Going Rogue: Circumventing Your Company’s Internal Investigation Process to Identify a Whistleblower Will Cost You
The CEO of Barclays risks losing his 1.6 million-dollar bonus for launching his own personal investigation to identify the company whistleblower who wrote two anonymous letters about his colleague to the Barclays’s Board of Directors. In the letters—sent in 2016 through the firm’s whistleblower program—the employee raised concerns about a recent senior-level recruit and Barclays’s process for hiring the person. CEO Jes Staley learned of the letters and twice enlisted the help of the bank’s security team to find the author. Even though Staley failed to ID the whistleblower, his conduct violated key laws protecting whistleblowers’ anonymity and prompted a swift response from British regulators.
In April 2017, Britain’s Financial Conduct Authority (FCA) and Prudential Regulation Authority (PRA) launched their own investigations into Barclays and Staley, treating Staley’s conduct as a whistleblowing incident. FCA and PRA rules zealously protect the identity of whistleblowers to encourage employees to come forward.
Barclays also launched its own independent investigation, hiring an external law firm to review Staley’s motivations. The firm found that Mr. Staley “honestly, but mistakenly, believed that it was permissible to identify the author of the letter.” In an April apology email to Barclays’s employees, Mr. Staley admitted the mistake and explained that he launched the investigation because he felt the anonymous letter contained an unfair personal attack on a colleague. This May, Mr. Staley again acknowledged his mistake and apologized to the bank’s shareholders, although the apology reportedly received a lukewarm reception.

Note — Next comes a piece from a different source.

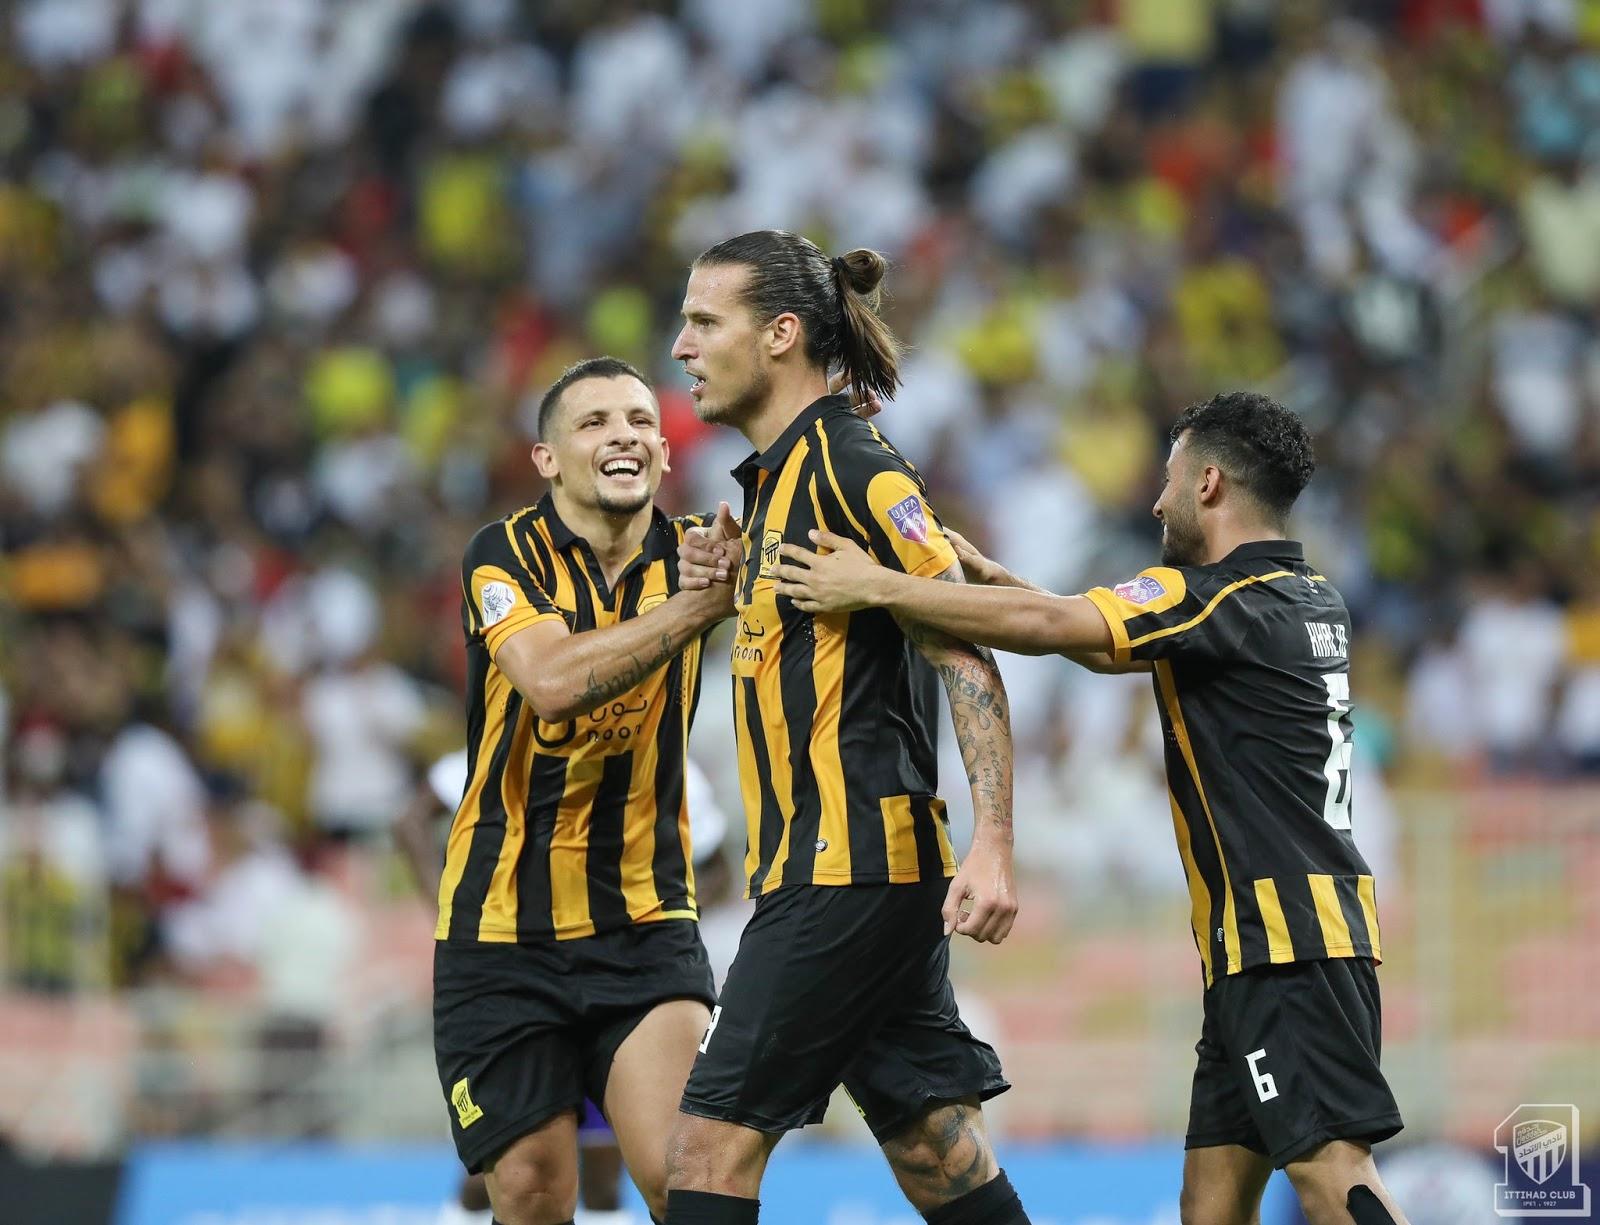 نتيجة مباراة الرائد والإتحاد بتاريخ 31-01-2020 الدوري السعودي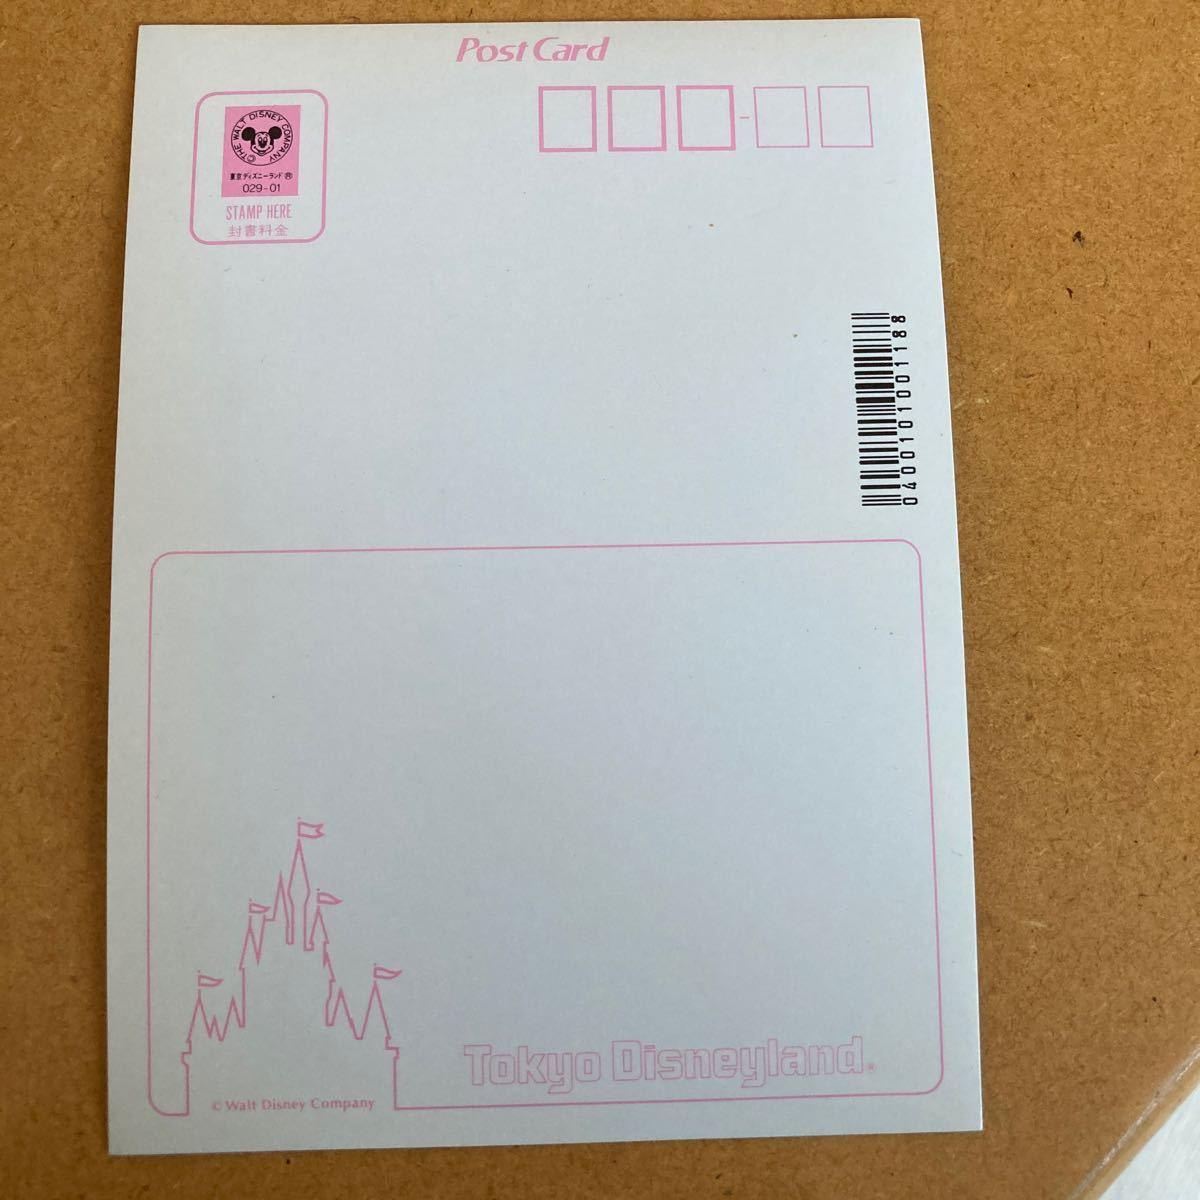 値下げ!レア!東京ディズニーランド Tokyo Disneyland 3Dポストカード 葉書、ハガキ 未使用品 ミッキー&ミニー 送料120円_画像4

Apart from the financial consequences, the Board plans to issue a formal reprimand to Mr. Staley. The regulatory investigation is still underway and will probably take several months to complete. Thus, it remains to be seen whether Barclays’s decision to admonish and hit its CEO in the pocket will appease regulators or Barclays’s shareholders. Staley’s mistake could cost him his job and slap Barclays with a heavy fine.
The Barclays/Staley investigation reaffirms that whistleblowers serve an important—and legally-protected—function as law enforcement’s “boots on the ground” within an industry. As such, a whistleblower’s anonymity must be zealously guarded. While UK regulations serve as the legal backdrop in this investigation, the Dodd-Frank Wall Street Reform and Consumer Protection Act contains similar, and in some ways more stringent, whistleblower anonymity protections.
Thus, Mr. Staley’s experience offers three key lessons for CEOs and companies everywhere:
- Don’t act in ways that could be construed as meddling with your company’s internal investigation of conduct reported through its whistleblower program.
- Ignorance of an industry regulation’s anonymity requirements is no defense in regulatory investigations.
- At all events, do not take matters into your own hands and launch an investigation outside your company’s whistleblower reporting program.